What does she mean, “Hmmmmmmmmmmm”?

midnight

“Hmmmmmmmmmmmm” does not mean “Yes yes, I agree with you.”

It means “hmmmmmmmmmmm.”

Anyway, she can “hmmmm” away. I am going to start my campaign of maturiosity tomorrow.

tuesday september 20th

stalag 14

break

It’s bloody nippy noodles outside.

Mabs said, “Shall we work out a new disco inferno dance for Saturday’s gig? To warm us up?”

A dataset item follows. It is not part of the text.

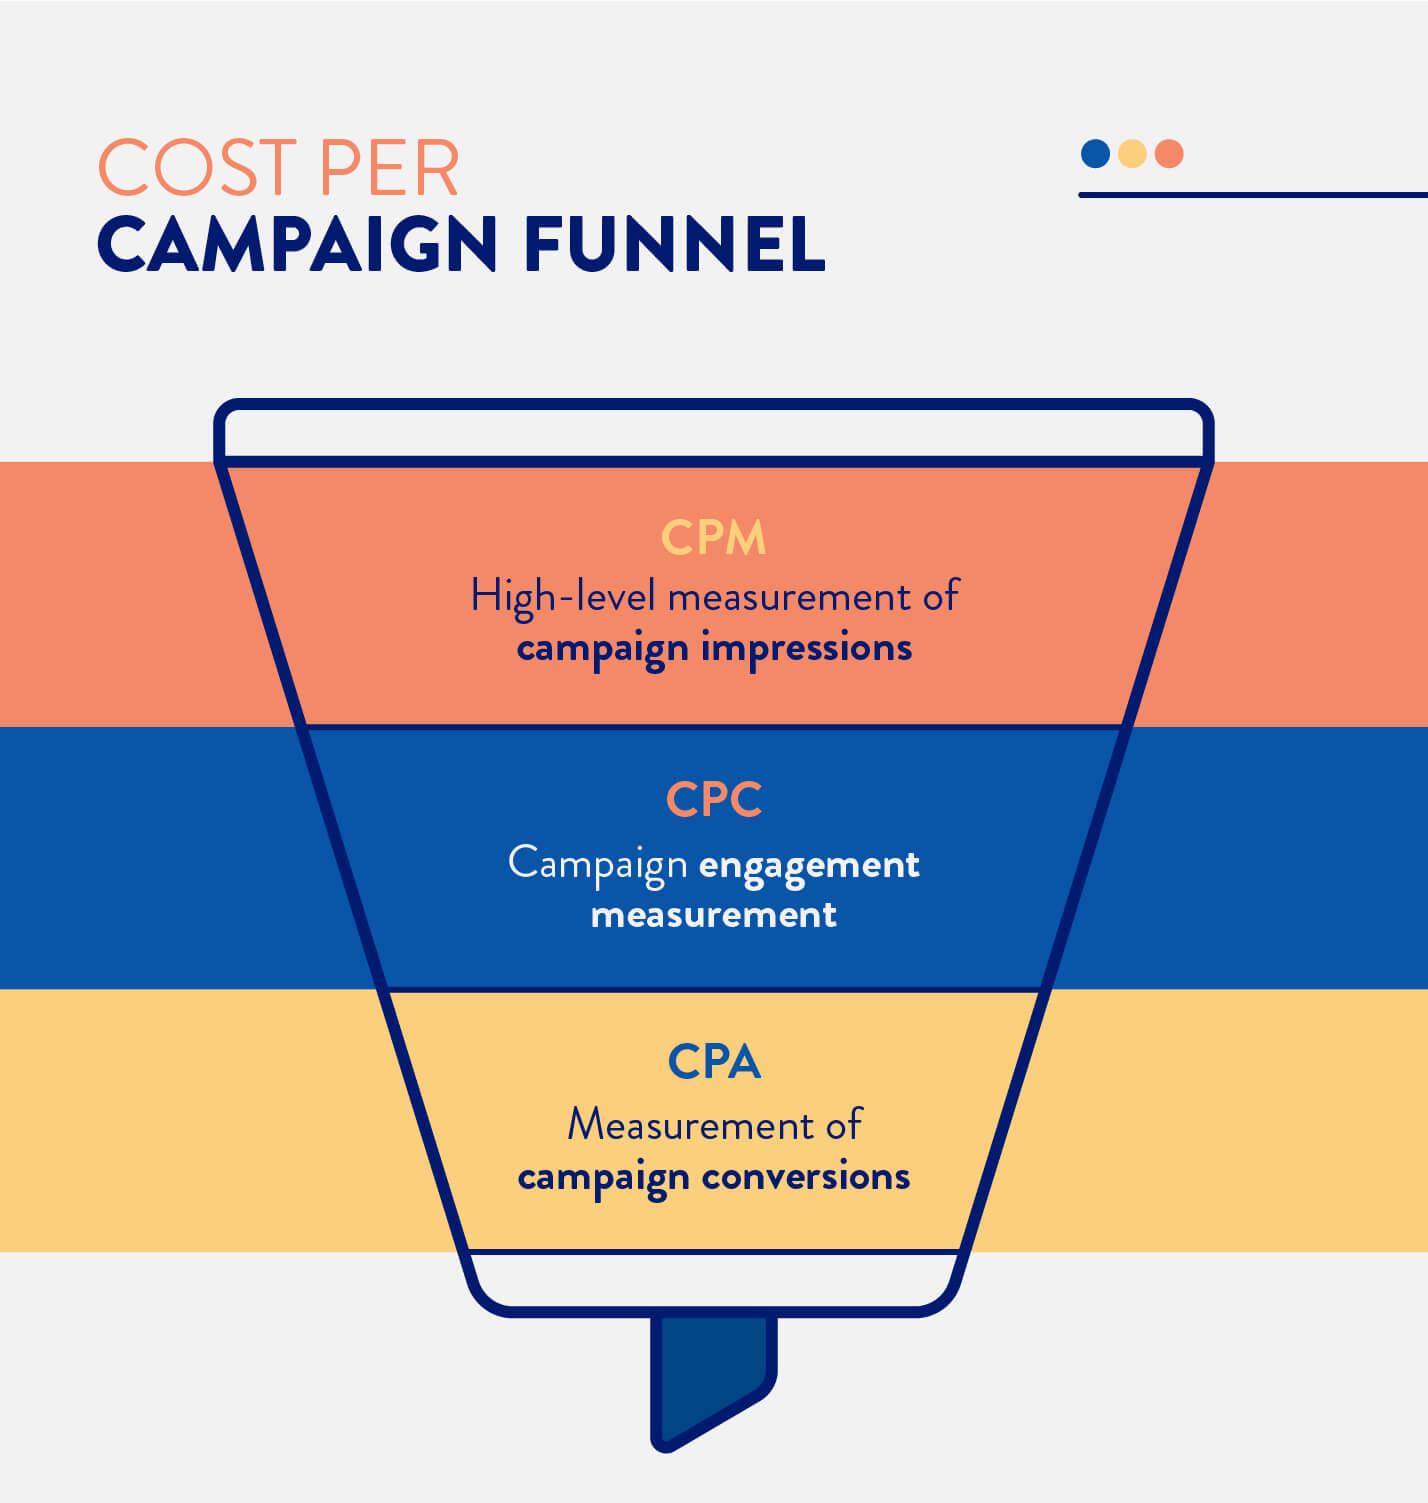 CPM campaign funnel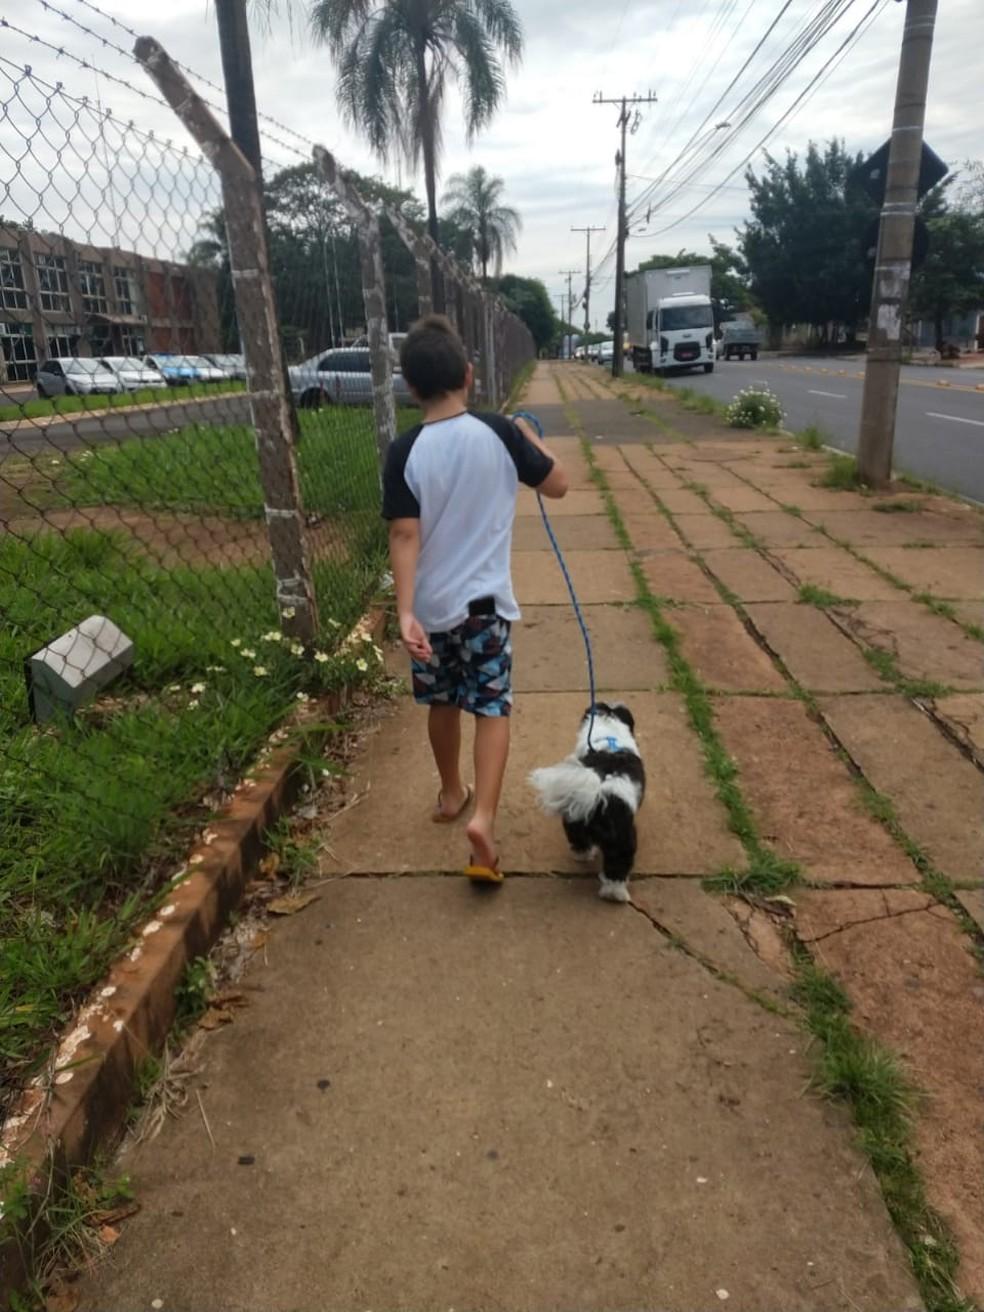 É aconselhável dar banho no animal ao chegar da rua, explica o médico veterinário — Foto: Arquivo Pessoal/Fábio Barbosa

I said, “Er, well, it’s a bit soon after our last triumph, don’t you think?”

Rosie said, “No. A triumph is not a triumph until you have gone too far.”

Jas said, “I’m freezing.”

To change the subject away from mad dancing (that I am now eschewing with a firm hand), I said, “Well, Jas, we are all freezing. Why don’t you use some of your very well-known forest skills and start a lovely campfire? I bet you’ve got your special fire-making stick in your rucky, haven’t you?”

Jas said, “Don’t be silly.”

I said, “I’m not being silly. I’m being frozen to within an inch of my life. Anyway, you can’t do it
without Hunky, can you? You’re frightened of fire.”

“I am not frightened of fire.”

“Yes you are.”

“No I’m not.”

“Look at me, Jas. I’m a flame and I’m coming near your fringe.”

And I started doing an ad hoc flame improv, wiggling my body and making my arms all snakey, touching Jas’s fringe and making a
whooshing
noise.

Jas was getting quite red and there was deffo a touch of tomato about her ears.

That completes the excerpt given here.